林の中に現れた妖気。これまで幾度となく探知した管狐の気配が間近にある。陽向はその方向に目を遣って、一人の人影を見つけた。
管狐の妖気は一匹分だ。ついさっき数えきれない大集団に襲われただけあって、ひどく物足りなく感じた。
木々の間に垣間見える人影は覚束ない足取りで陽向たちの少し上の斜面を横断している。結構な斜度のある斜面だ。あそこに道があるのかはここからではわからないが、フラフラと歩む人影の動きは不安定ですぐに転びそうだ。このままでは遠からず滑落する。

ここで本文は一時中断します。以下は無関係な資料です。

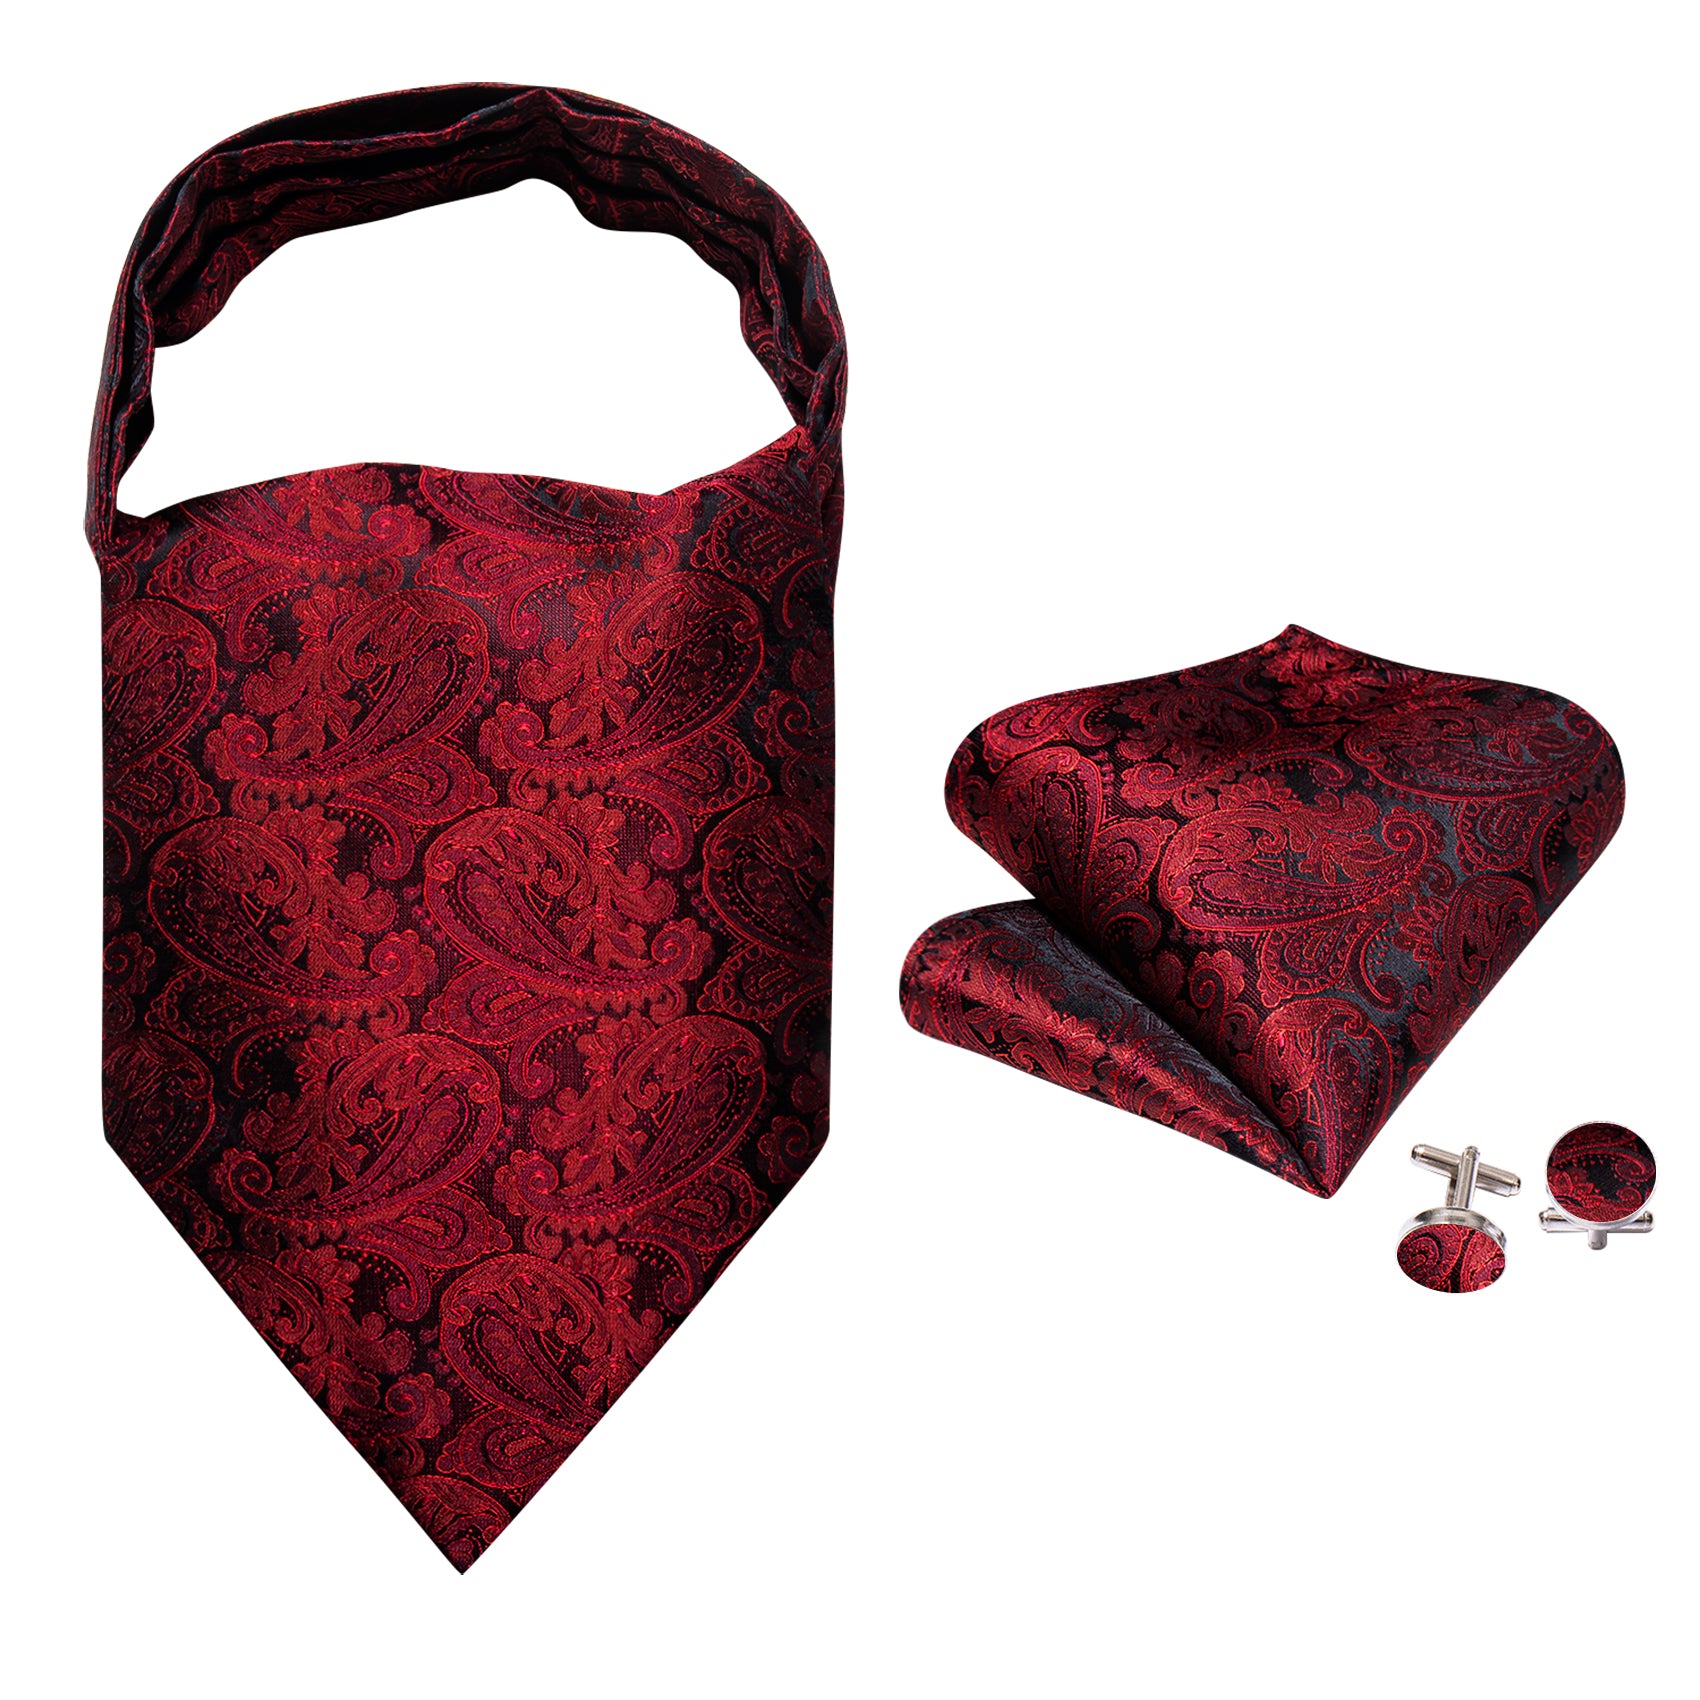 Shining Red Paisley Ascot Handkerchief Cufflinks Set

助けに行こうかと踏み出しかけて我に返る。管狐の妖気はあの人物から出ている。今のところこちらには気付いていない様子だ。どうしたものかと陽向は思案して。
「あの、近くに人影が。管狐の妖気がするんですけど」
素直に密草に相談した。と、同時に消息不明のもう一人の関係者を思い出す。
「密草さん、稜樹さんのお母さんは……?」
確か黒髪だと言っていなかったか。よく見れば斜面の上の人物も頭部は黒い。華奢な体格も女性だと言われれば納得する。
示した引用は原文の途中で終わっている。